At this point in the course, my diet has not changed at all, and I doubt that it will.  I have already enjoyed The Omnivore’s Dilemma, so re-reading it is definitely fun, but I have not learned anything new from that source.  As for the other article we read, while I think it did an excellent job telling a story, most (if not all) of the information was something that I had seen in the past.  (Fortunately, I never get tired of reading about food politics and am happy to absorb the same information time and time again, depressing as it may be.)  What I am looking forward to is finding even more reasons to motivate my boyfriend to continue leaning towards a full-time vegan diet, and I think that the discussions we will have over the next few months will aid me in my quest.

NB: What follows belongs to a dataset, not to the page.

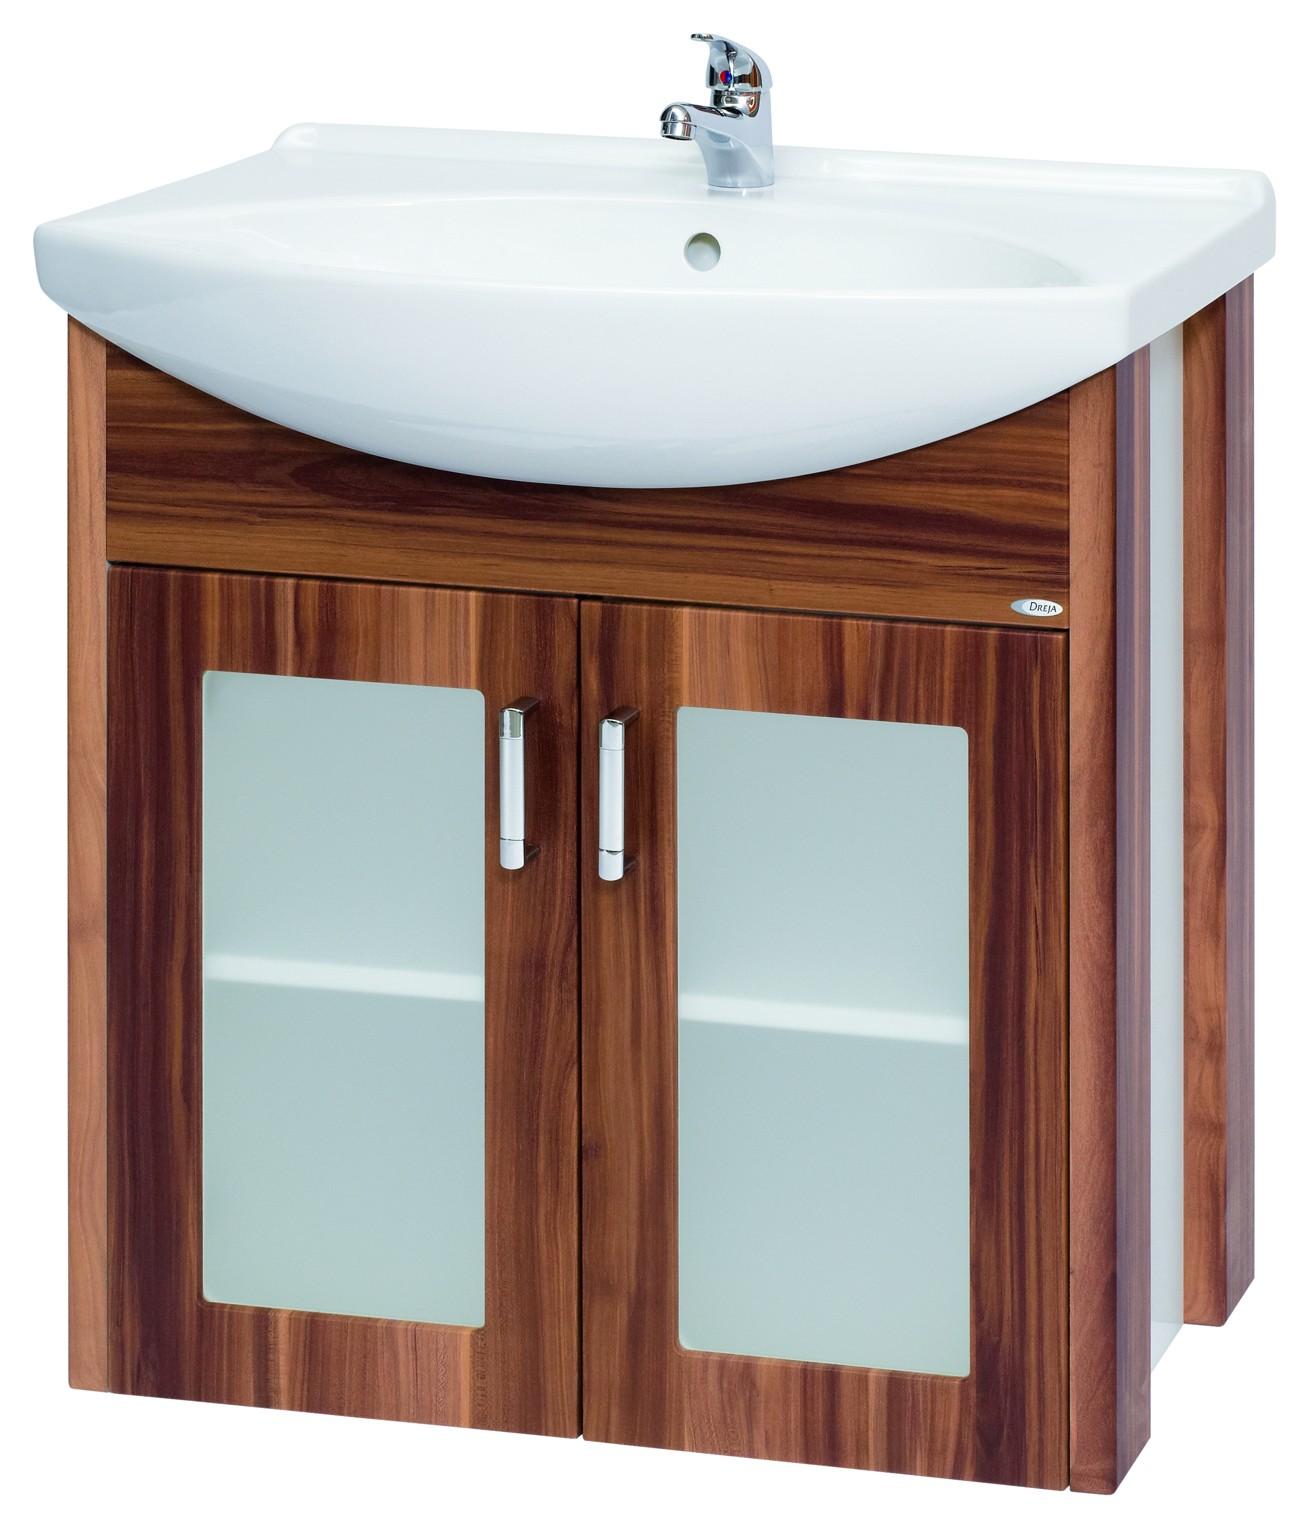 Тумба под раковину DrejaМебель для ванной комнаты<br>Тип: тумба,<br>Тип установки мебели для ванной: под раковину,<br>Материал изготовления мебели для ванной: дсп,<br>Цвет мебели для ванной: цвета под дерево,<br>Коллекция: lafutura<br>

I have spent most of my time in class trying to gauge how others will react to what they are about to learn.  I get upset every time I read about inhumane treatment of animals, or how unsafe it is for my family and friends to be… well, ignorant.  While I am not judging my peers, I am trying to evaluate whether I think they will be affected by what they read.  I was excited to take this class for a few reasons: 1) to expand my knowledge of something that greatly interests me and 2) to know that others are learning about food through an academic lens, and not from a wild activist like myself.  The topics we will explore are not ones that can be dismissed once you spend the time thinking about them, in my opinion.  At the end of the semester, I doubt that there will be vegetarians in the class, but I hope that they will be more aware of what makes its way (or doesn’t) onto their plate.

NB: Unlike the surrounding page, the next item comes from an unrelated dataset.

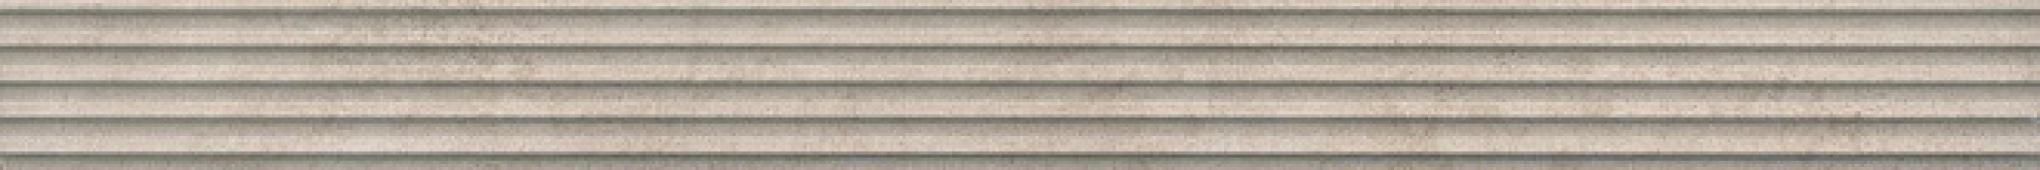 Бордюр Пикарди структура беж 40*3,4

Food Politics discusses a new theory for eliminating (or “significantly affecting” the presence of) E. Coli O157:H7.  Apparently, shocking beef with an electrical current reduces this deadly strain of E. Coli’s likelihood of presenting itself.  The study conducted only examines the surface of the meat, however, so the reality that E. Coli lurks beneath the surface went untested.  The post links to an article that details the study further.  The scientists admitted that there was a possibility that inactivation of E. Coli cells could be attributed to either the formation of active chlorine gas, or the sodium chloride solution that the samples were placed in.  Still, the study’s final conclusion indicates that the “Log reduction of E. Coli was significantly affected by current intensity, frequency, and duration of treatment.”  The wording of this conclusion seems rather strong after stating earlier in the paper that electrical currents were merely the “most likely cause” of log reduction of E. Coli.

Most people in their right minds acknowledge that eating raw meat is not in their best interest.  Cooking food typically reduces the appearance of bacteria, thus shocking the surface of meat is not the answer to the meat contamination conundrum.  The results of this study do not impress me at all – from what I’ve read, no definitive knowledge was gained, and consumers appear to be in the same position they were prior to the study.  Furthermore, I think that the answer to the problem does not – and should not – lie in more scientific research.  As of right now, many people know that the food we raise livestock on is not ideal.  We also know that raising livestock the way Americans do greatly aids in the proliferation of E. Coli O157:H7 and other bacteria.  If the government would simply make use of this practically common knowledge, we probably would not be wasting our time trying to use electricity to make our food safe.